An example of the type of books: Calculus, volumes 1 & 2, by Tom Apostol, and Mechanics, by Kleppner and Kolenkow.

I decided to do it in India because:

1) I went to school in India for 5 years (6th-10th grade), and would like to live for a few years closer to my Indian friends and family.

2) I hope it will be cheaper than the US. . .

It could very well be my [planned budget] is a hopeless underestimate, in which case I will have less time. We shall see.

My plan to move to India came before Trump, though the prospect of leaving him behind is not displeasing. What the Trump movement has clarified for me is what I believe in: I believe in a society of free and equal human beings, and I believe that without both a love for freedom, and a love for equality, the human spirit starts to sicken and die.

Equality for me doesn't mean we all have beachfront homes, but it does mean a society where nobody has to suck up, or gets to spit down.

As I get older, I'm starting to understand a bit about the rigors of aging. It's difficult, no question about it. In C.S. Lewis's book of letters, edited by his brother, in one of the last letters of his life, which his brother chose to end the book with, he talks about an enduring sorrow for mutabilitie (quoting Edmund Spenser, I think), and I agree with them. . .

. . I also am grateful for this opportunity to write down the things I've been thinking. Maybe I should do it more often!

. . .I would say, I will be in India within a year, and probably a bit sooner. (Gives me chills to say that!) The contract at my job currently ends on June 30, I had planned to leave any time after Easter 2017. If the contract is extended 6 months, I may accept it, but right now, I'm not expecting it to extended. [It wasn't.] There's also the possibility my contract would be suddenly cancelled, before June 30, which would be a trifle worrying, but no more than that, and I'm excited at the prospect at not having to worry about stuff like this, at least for a few years!

After I leave my job, I am planning to do a little traveling - Crater Lake and the Grand Canyon are on the list. Then on to India!

Actually, one of my favorite cartoons is Charlie Brown's rage at Snoopy after Snoopy takes 3 strikes down the middle of the plate without swinging. Haven't been able to find it online. . .Thanks so much!!! It's the cartoon I remembered. 

CS Lewis's anthology of George MacDonald helps keeps me closer to sane in a world (and a self) frequently gone mad, but the price of buying sanity from such a supplier is that you have to listen to that voice, when it roars with an inescapable clarity and volume:

      [ 271 ] Visitors
      By all means tell people, when you are busy about something that must be done, that you cannot spare the time for them except they want of you something of yet more pressing necessity; but tell them, and do not get rid of them by the use of the instrument commonly called the cold shoulder. It is a wicked instrument. 
One of my favorite bits from Surprised By Joy:
Closely linked with Barfield of Wadham was his friend (and soon mine), A. C. Harwood of The House, later a pillar of Michael Hall, the Steinerite school at Kidbrooke. He was different from either of us; a wholly imperturbable man.
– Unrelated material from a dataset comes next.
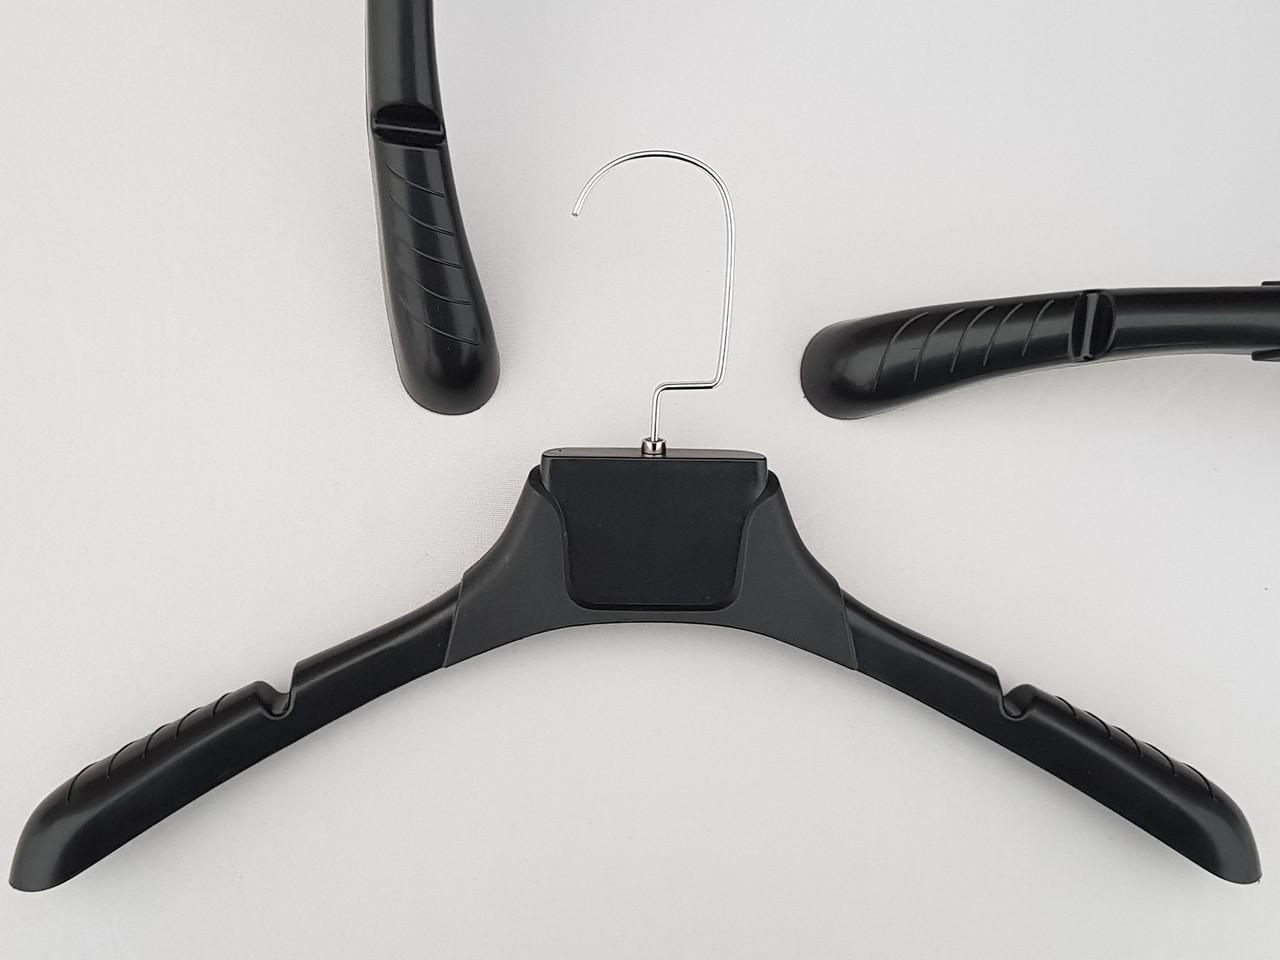 Плечики вешалки тремпеля TZ8821 с антискользящим ребристым плечом черного цвета, длина 38,5 см

Though poor (like most of us) and wholly without “prospects”, he wore the expression of a nineteenth-century gentleman with something in the Funds. On a walking tour when the last light of a wet evening had just revealed some ghastly error in map-reading (probably his own) and the best hope was “Five miles to Mudham (if we could find it) and we _might_ get beds there,” he still wore that expression. In the heat of argument he wore it still. You would think that he, if anyone, would have been told to “take that look off his face”. But I don’t believe he ever was. It was no mask and came from no stupidity. He has been tried since by all the usual sorrows and anxieties. He is the sole Horatio known to me in this age of Hamlets; no “stop for Fortune’s finger”.